Recorded data:
»»
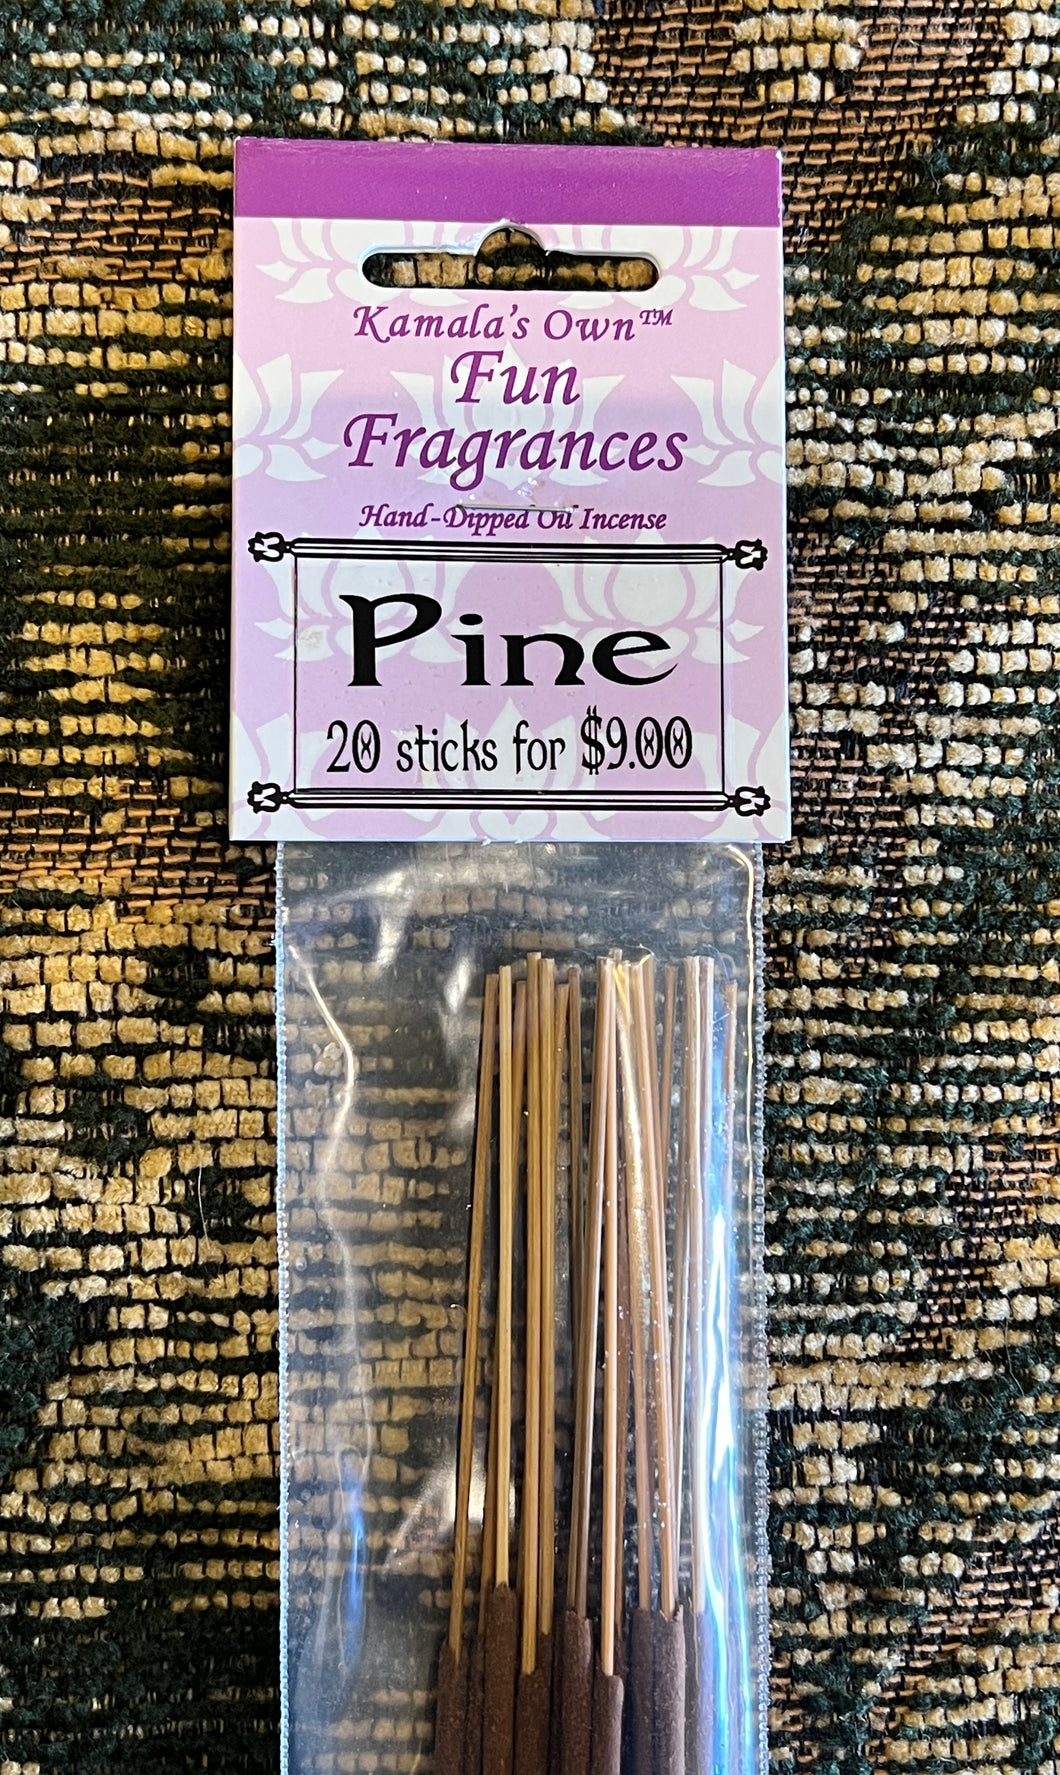 Pine sticks
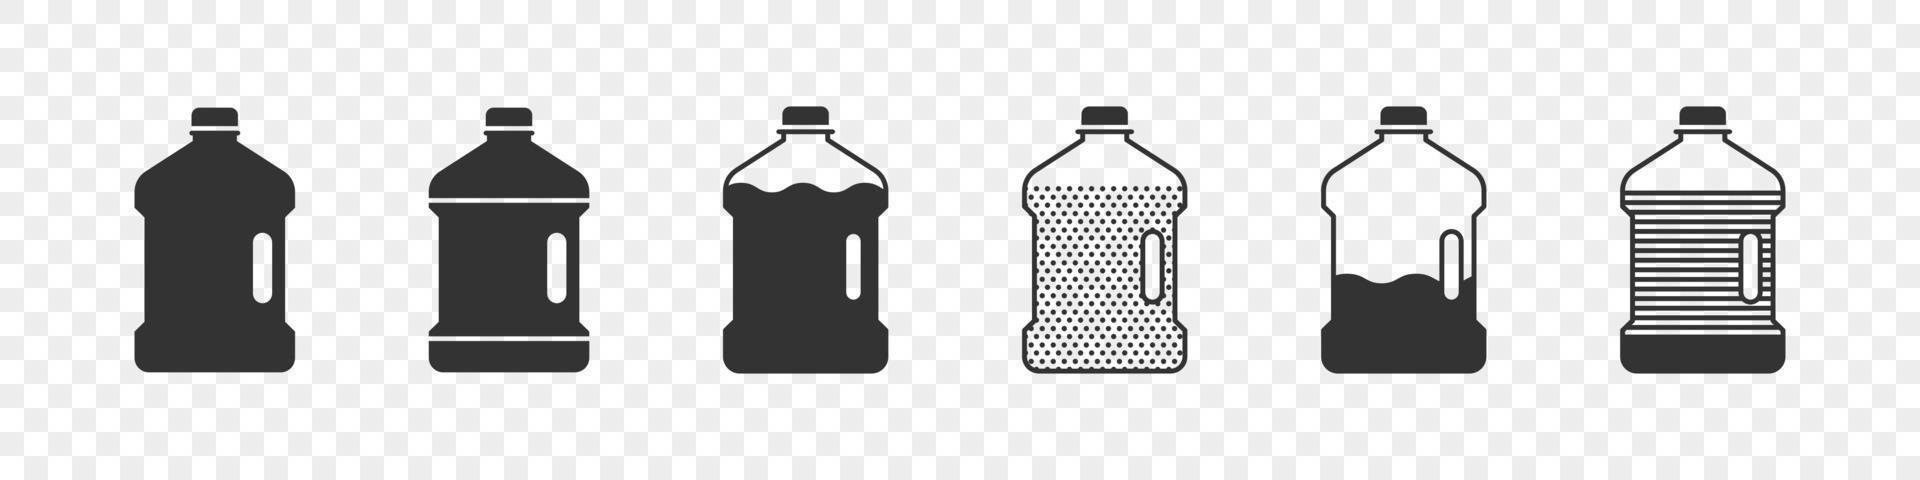 bouteilles en plastique. silhouettes de bouteilles. icônes de concept de bouteilles plates. illustration vectorielle vecteur
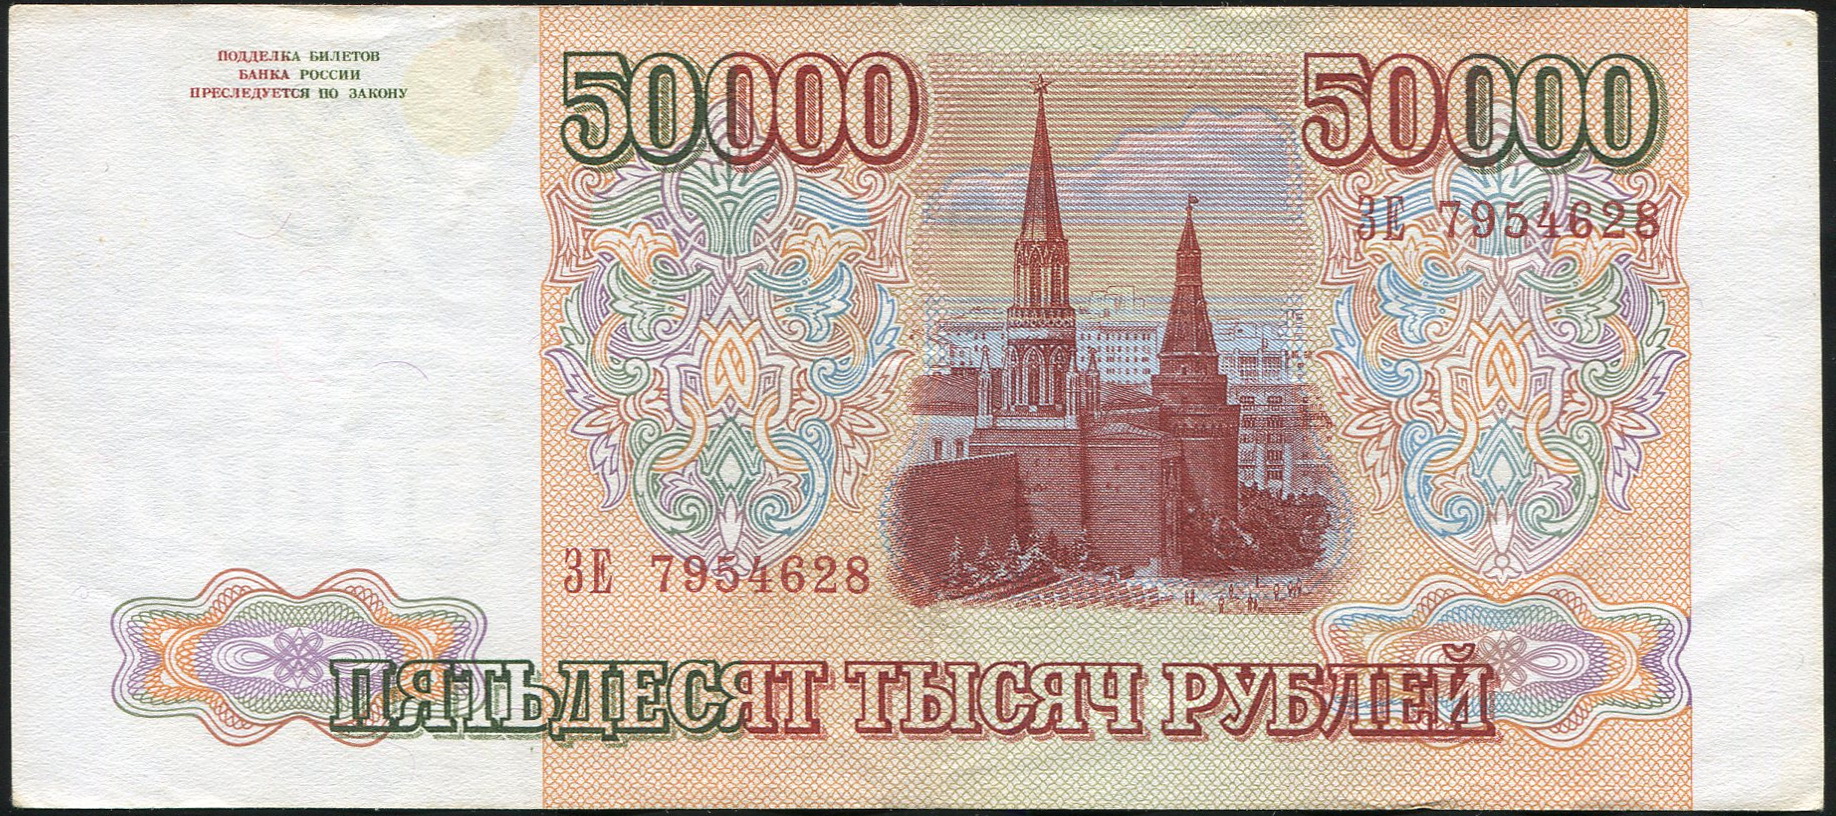 50000 рублей каждому. Банкнота 50000 рублей 1993. Купюра 50000 рублей. 50000 Рублей 1993 года. Банкнота 50000 рублей 1993 года.
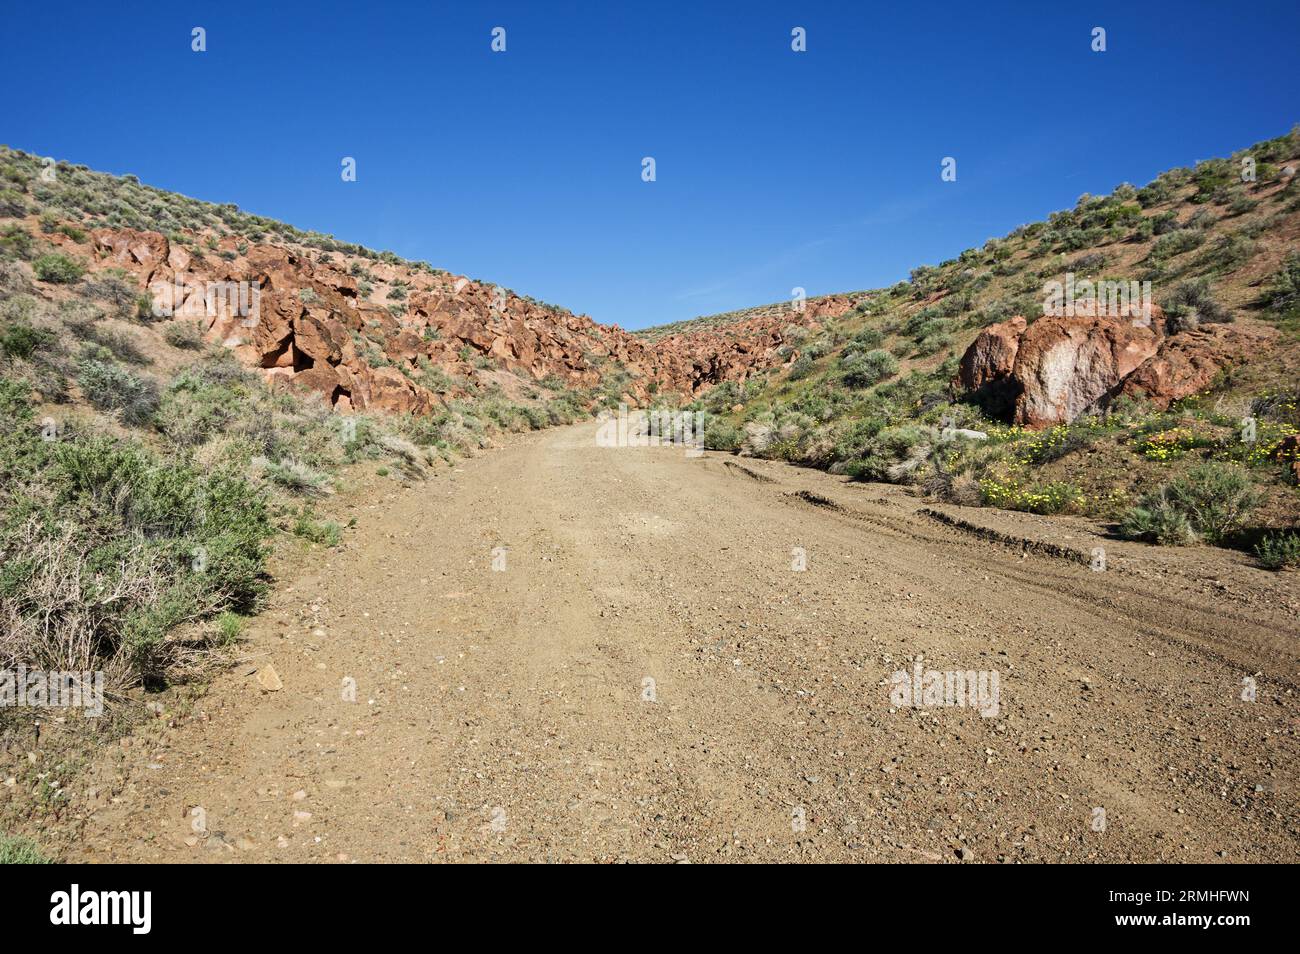 Chidago Canyon Road est une route de gravier rurale qui mène à un canyon désertique dans les plateaux volcaniques de la Californie orientale Banque D'Images
««
Task description:
Once the line containing "bouteilles en plastique." is found, write it out exactly along with every line after it through the end of the listing, excluding pictures.

Answer for the task:
 bouteilles en plastique. silhouettes de bouteilles. icônes de concept de bouteilles plates. illustration vectorielle vecteur
 50000 рублей каждому. Банкнота 50000 рублей 1993. Купюра 50000 рублей. 50000 Рублей 1993 года. Банкнота 50000 рублей 1993 года.
 Chidago Canyon Road est une route de gravier rurale qui mène à un canyon désertique dans les plateaux volcaniques de la Californie orientale Banque D'Images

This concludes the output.